Founded in August 2007, Deezer is an online music streaming service based in Paris, France. While Spotify has gained market leadership in the online music steaming space, Deezer continues to hold its own with 14 million monthly active users (MAU) in over 180 countries as of January 2019 . Per Similarweb.com estimates, 35% of Deezer’s users are in France, 11% in Brazil and the remainder spread out across the world.
What is Spleeter?
On November 4th 2019, Deezer released Spleeter, a machine learning tool for source separation. Spleeter is a project from Deezer’s research division and is made available online as a Python library based on Tensorflow. Although source separation remains a relatively obscure topic, its applications in music information retrieval (MIR) has the potential to have a far reaching impact on the way we are able to produce and consume music.
Source separation 101
At its core, source separation is the separation of a desired signal from a set of mixed signals. In music, this means deconstructing a recorded musical piece into its components by isolating each instrumental layer on the track. For example, 4-stem source separation on Coldplay’s hit single, “Yellow”, would yield the following layers (aka “stems”) in isolation:
- Vocals by Chris Martin, singing about the stars and such
- Drums/percussion by Will Champion
- Bass guitar by Guy Berryman
- Electric guitar by Jonny Buckland
While it may seem like a relatively straightforward process, accurate source separation is difficult to accomplish. Today, most professionally recorded music is made by recording each instrument on a separate channel, and then the final combined track is produced in a step called the “mixdown”. In this final step, all the individual tracks are blended together for mastering and then digitally compressed for delivery. All the sound waveforms are meshed together, in a process akin to an irreversible chemical reaction that is it impossible to undo.Nonetheless, Spleeter has made the impossibly difficult task of source separation a lot easier using machine learning.
How does Spleeter work?
A common technique used source separation is time-frequency (TF) masking. Different types of sounds in the musical track correspond to varying frequencies. For instance, the lead vocals would occupy different frequency bands as compared with the drums. Using TF masking, the mixture of frequencies that make up a piece of music is filtered, allowing us to pick and choose which frequencies to keep. What remains after this process is the separated stem of the instrument that we want to isolate.
The tricky part of this process is being able to approximate which frequencies correspond to which instruments. Given that the audible range of frequencies for humans is 20 to 20,000 Hz, a lot of processing is needed to accurately classify the broad range of frequencies contained in a musical track. Traditionally, this step was done manually by using snippets of isolated vocals (which are hard to find) to approximate the frequencies that should be left unmasked, thereby making a “minus one” track commonly used for bootleg karaoke.
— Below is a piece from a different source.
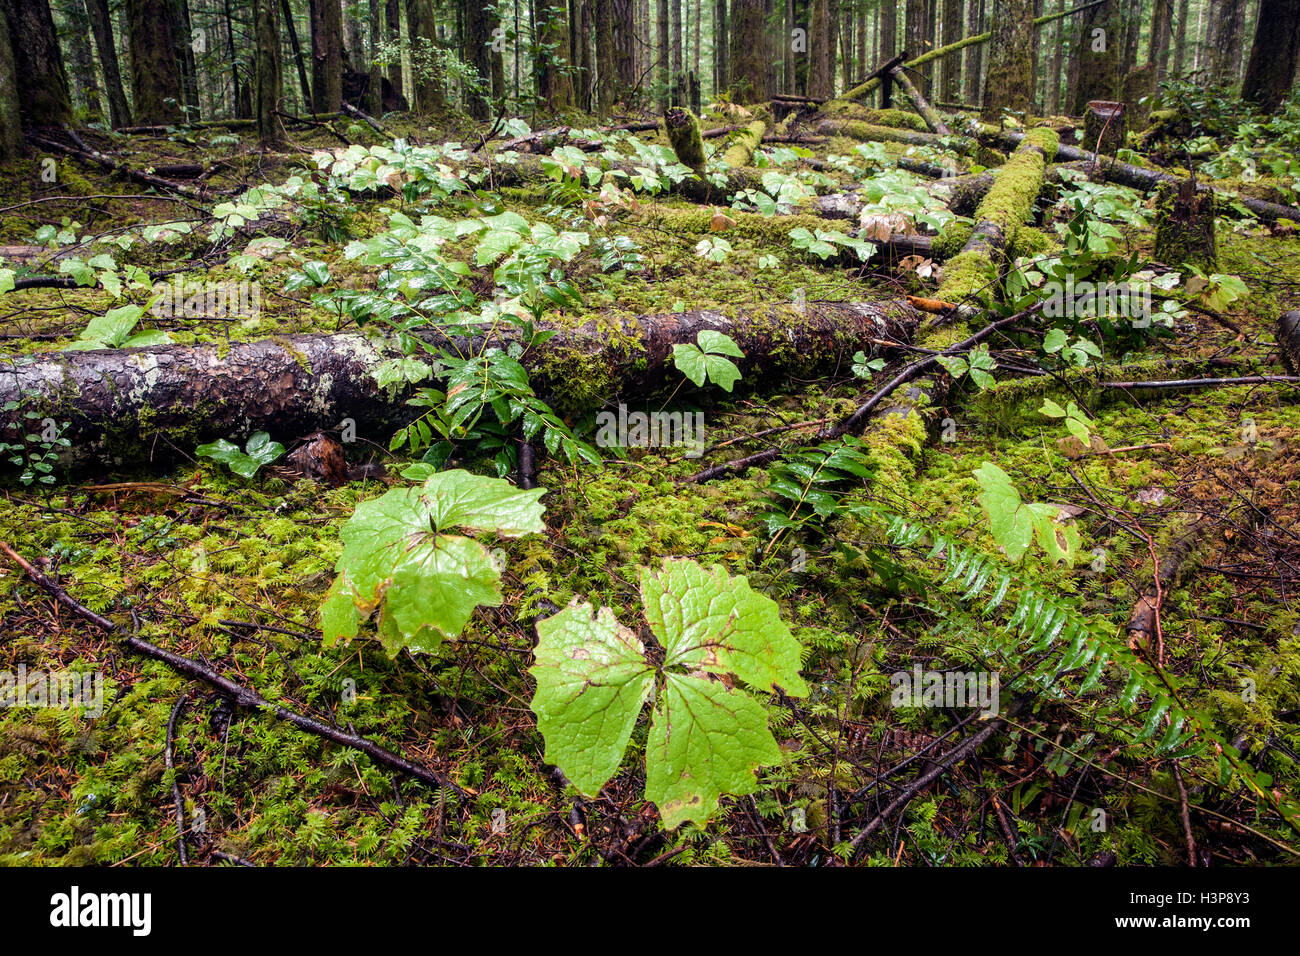 Trillium de l'ouest à même le sol forestier - Parc provincial d'Elk Falls - Campbell River, Vancouver Island, British Columbia, Canada Banque D'Images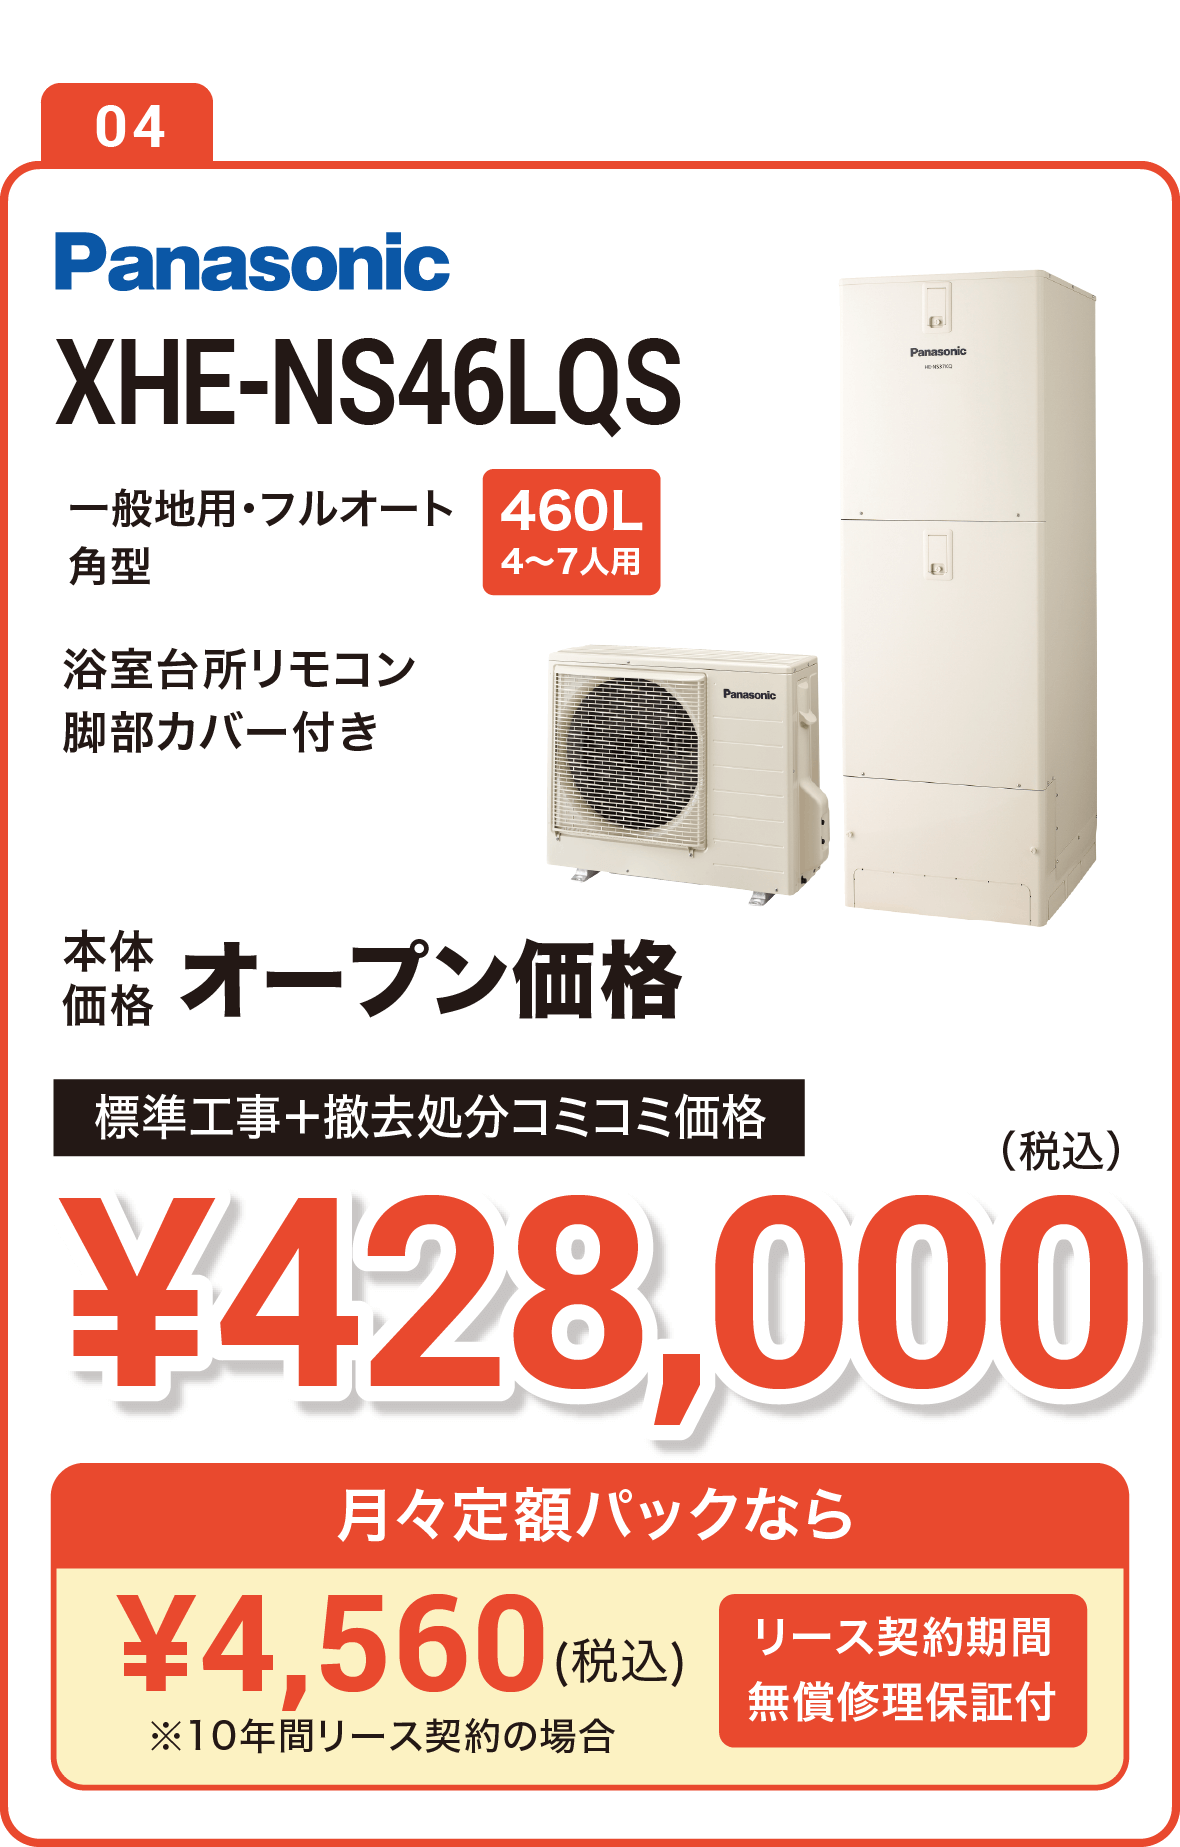 【今なら補助金10万円】Panasonic XHE-S46LQS 460L(4～7人用) 標準工事＋撤去処分コミコミ価格で実質378,000円（税込）、月々定額パックなら5,150円（税込）

Today, Spleeter does the heavy lifting as it comes with pretrained models for standard 2,4 and 5-stem separation. Using Spleeter is as simple as installing the package and running the separator function on a command line interface, which then creates a .wav file for each stem. In addition, Spleeter also allows users to train custom source separation models and evaluate the models against a benchmark dataset (musDB18 available on SigSep, another open source project).
Applications and challenges
Deezer is in a unique position to build a generalized source separation engine because it has access to a large catalog of music that few organizations do. However, a major challenge is that Deezer is not legally or ethically able to release the vast library of stems made from its own catalog due to copyrighting. So how does Deezer capture value?
Deezer can use its musical data assets to train its own machine learning models, which can then be deployed to improve its user value proposition. In addition, Spleeter enables Deezer to perform source separation at scale. On the GPU version, one can expect separation at 100x faster than real-time , which allows for rapid deployment on its growing catalog of music. As such, it is conceivable that Deezer can accomplish the following:
Make novel music recommendations. Deezer can use the finer data granularity to cluster music by similarity for a given instrument. For example, Deezer could identify bands that have lead singers who have a similar vocal timbre as Coldplay’s lead singer, Chris Martin. Coldplay fans might hence get recommendations to give Blue Merle a listen.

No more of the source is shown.